I am stuck up at the following step. It will be great if someone can help me out:

2 = λfx.f(f x)
3 = λfx.f(f(f x))
ADD = λm n f x. m f (n f x)

My steps are:

   (λm n f x. m f (n f x)) (λf x.f(f(f x))) (λf x.f(f x))
-> ((λn f x. (λf x.f(f(f x))) f (n f x))) (λf x.f(f x))
-> ((λf x. (λf' x'.f'(f'(f' x'))) f ((λf" x".f"(f" x")) f x)

Is the parenthesis fine? I really confuse myself on the substitutions and parenthesis.
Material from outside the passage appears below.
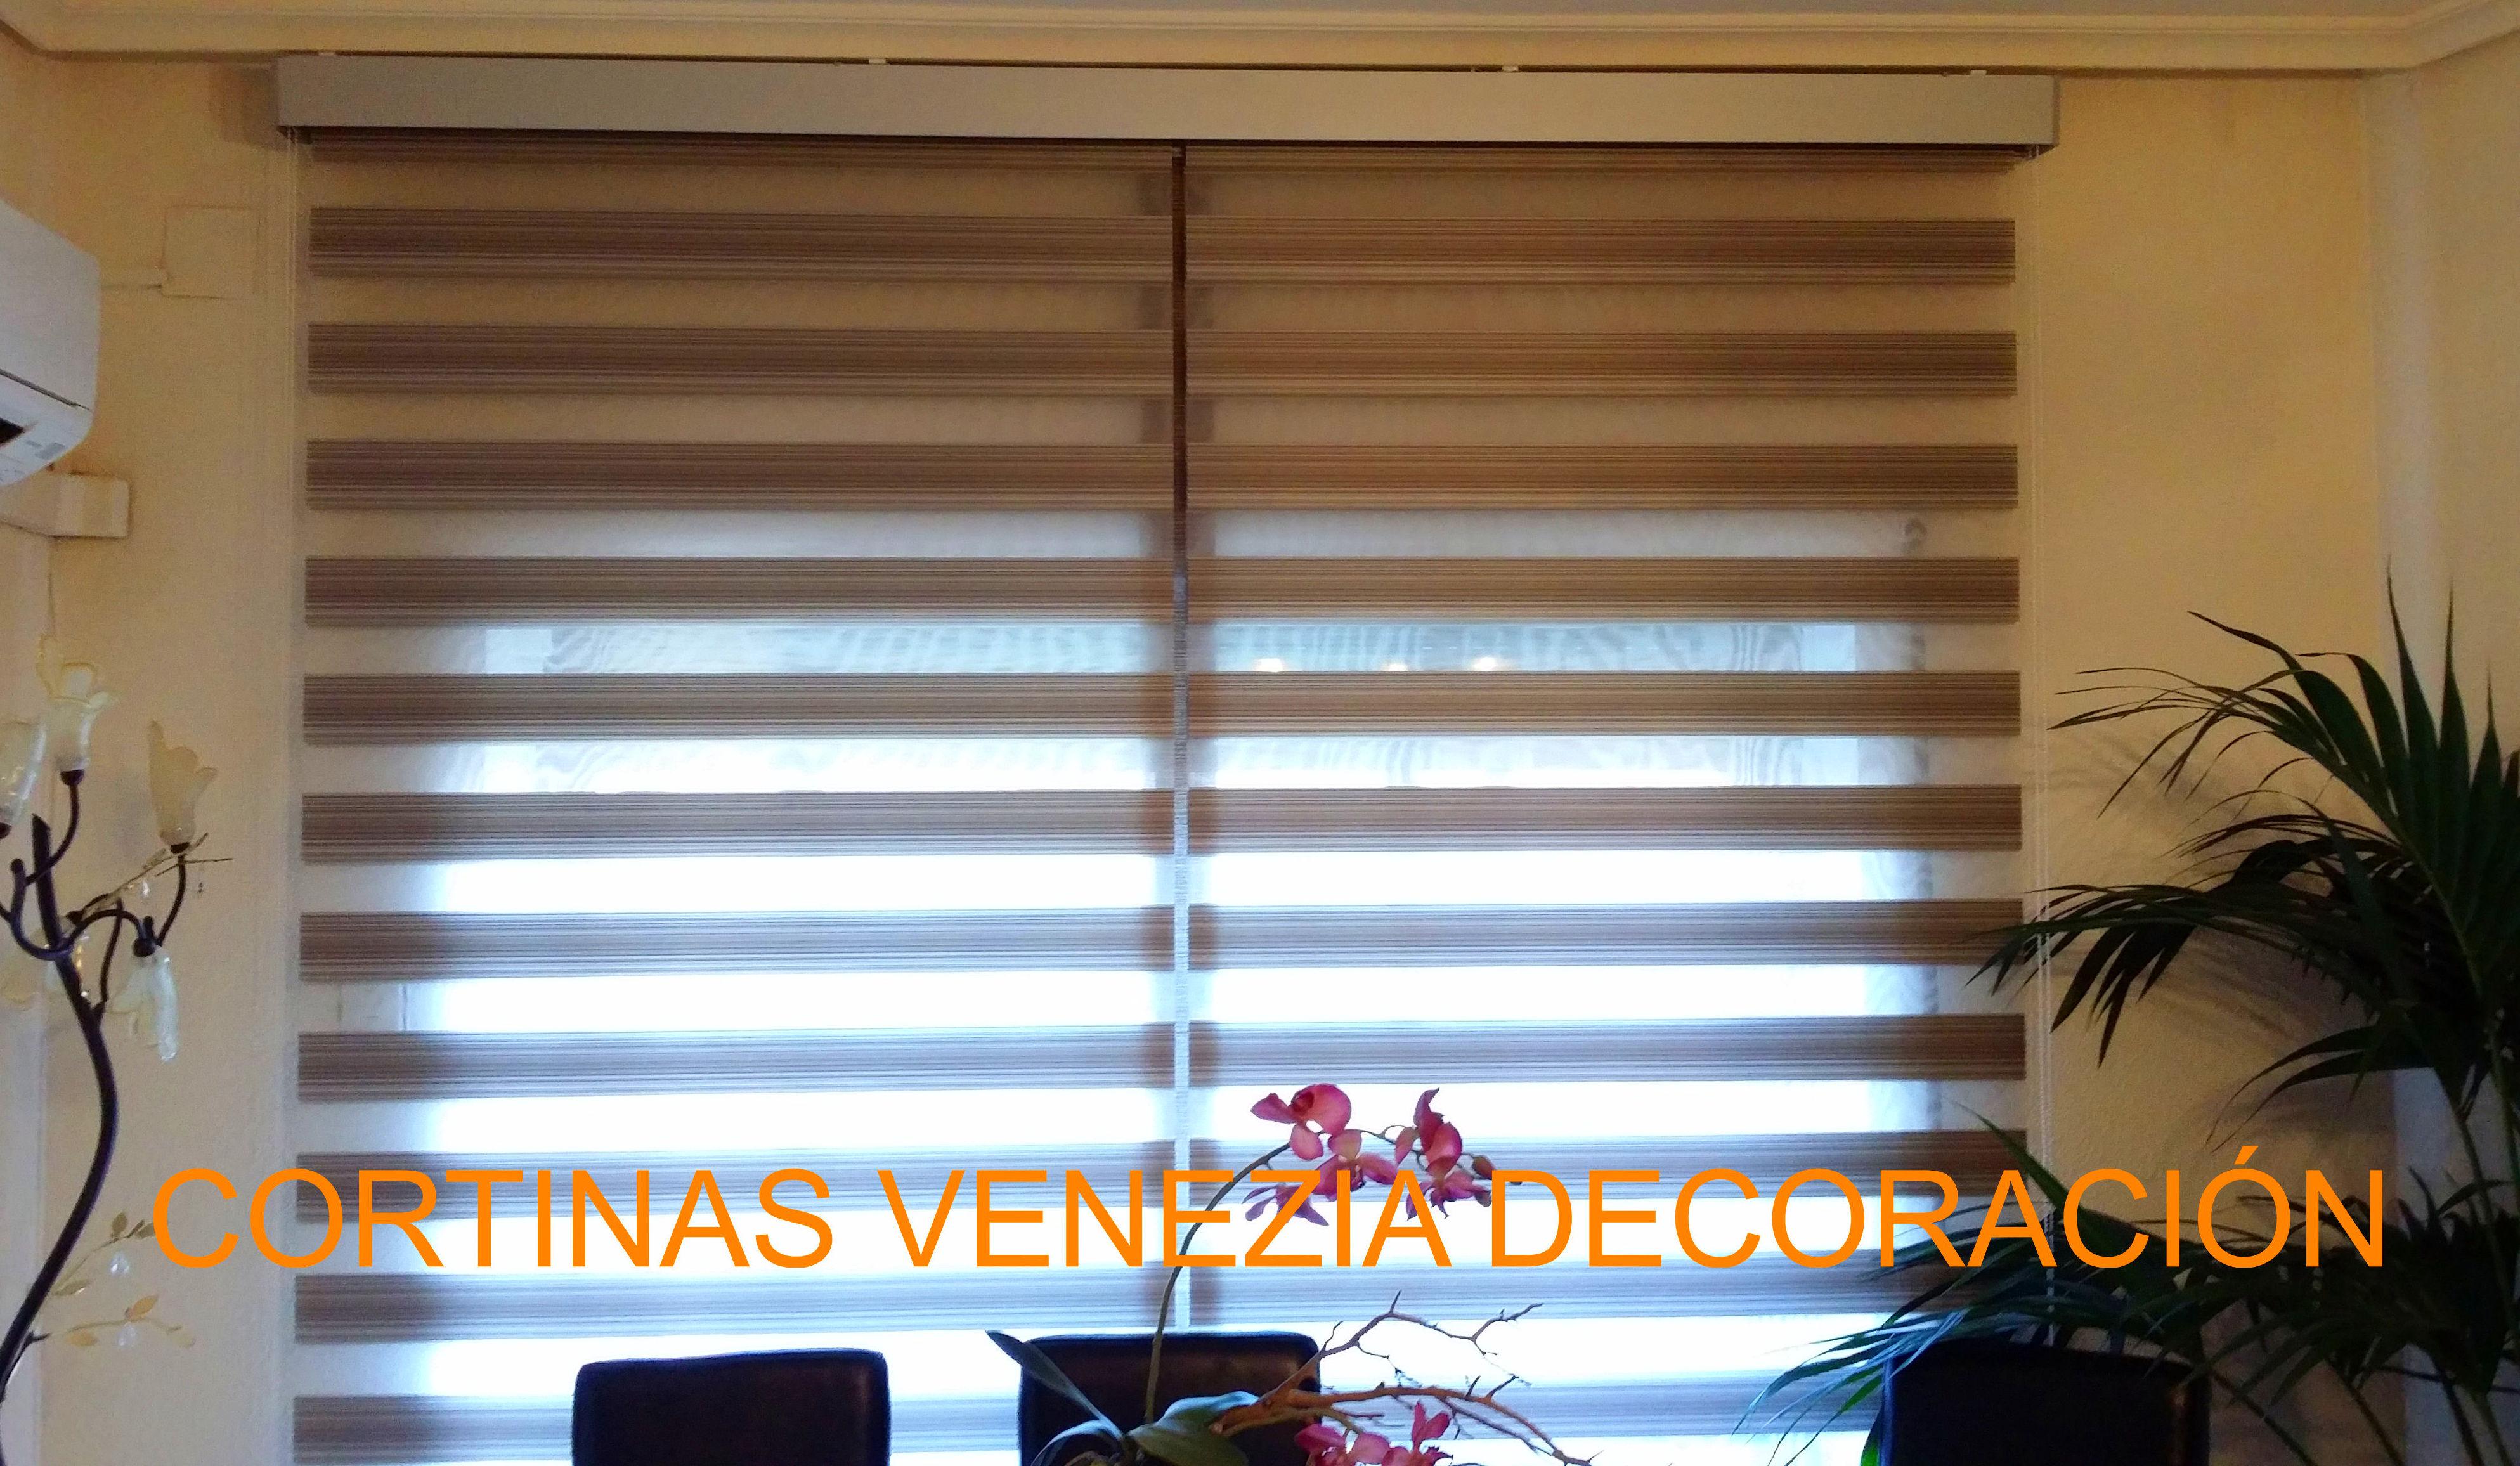 Picture 137 of Cortinas in Albacete | Venezia Decoración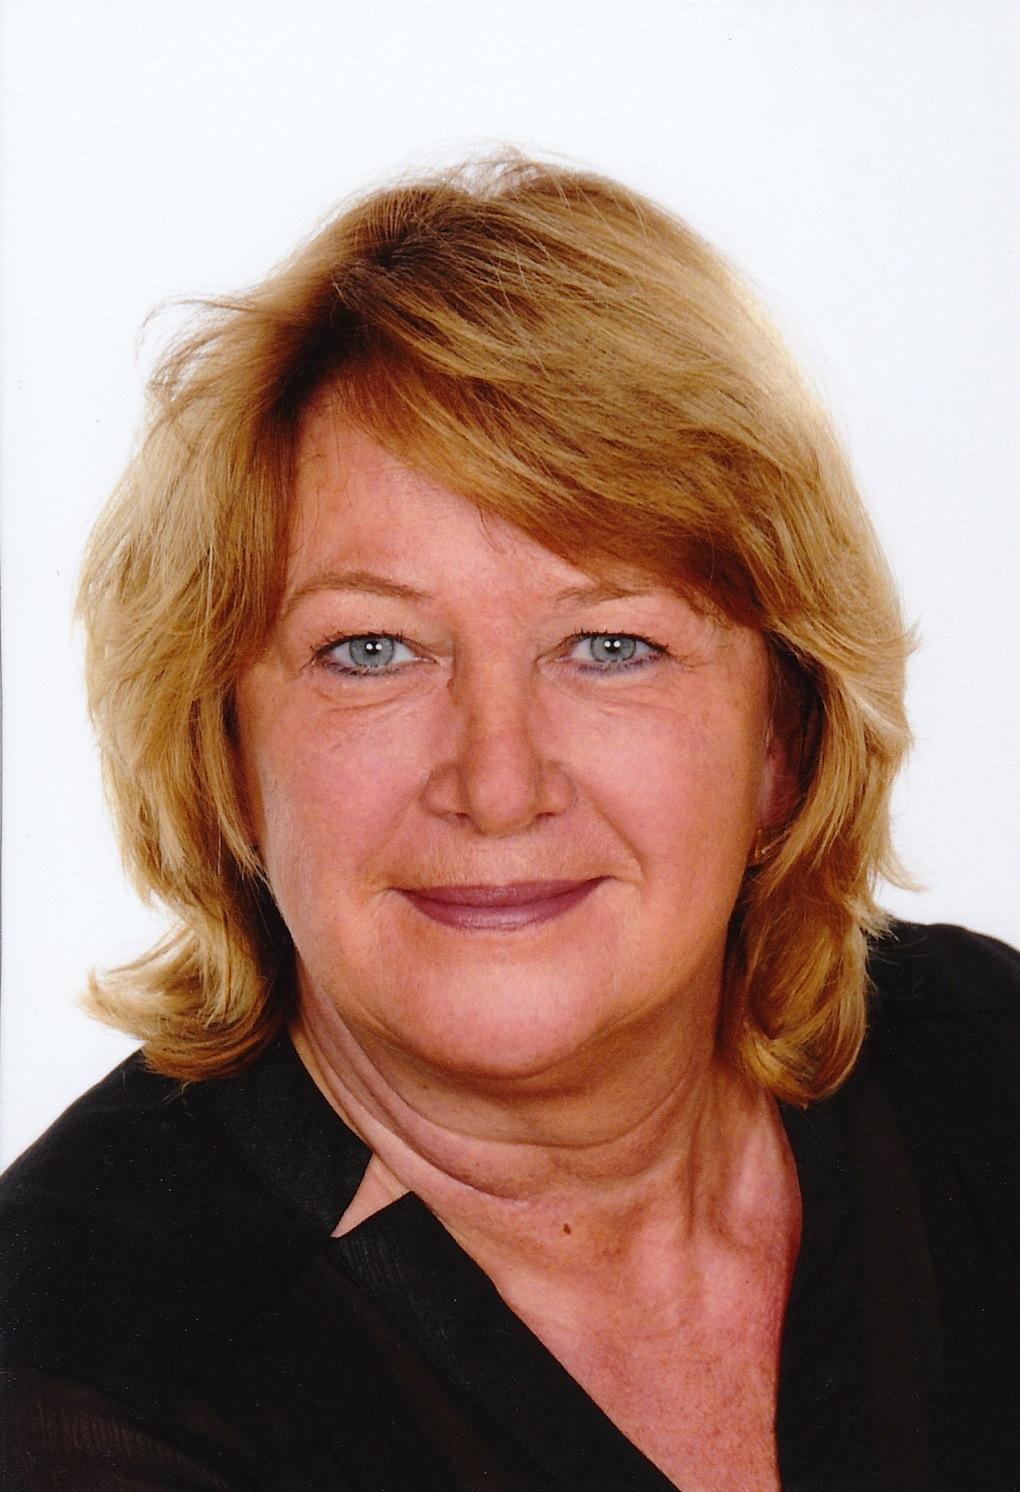 Michaela Rehmer

Is there a formal, easier technique to address such problems?

regards, darkie

Answer 1

Try Alligator Eggs!

Here are my steps, which I derived with the help of Alligator Eggs:

ADD 2 3
-> (λm n f x. m f (n f x)) (λf x.f(f(f x))) (λf x.f(f x))
->   (λn f x. (λf x.f(f(f x))) f (n f x))   (λf x.f(f x))
->     (λf x. (λf x.f(f(f x))) f ((λf x.f(f x)) f x)) 
->     (λf x.   (λx.f(f(f x)))   ((λf x.f(f x)) f x)) 
->     (λf x.       f(f(f(λf x.f(f x)) f x)))))
->     (λf x.       f(f(f  (λx.f(f x)) x)))))
->     (λf x.       f(f(f     (f(f x))  )))))

Answer 2

Is there a formal, easier technique to address such problems?

It is much easier to write a reducer and prettyprinter for lambda terms than it is to do reductions by hand. But PLT Redex can give you a leg up on the reductions; try defining rules for normal-order reduction, and then all you have to do is worry about prettyprinting the results with no redundant parentheses.

You will probably learn a lot more, too.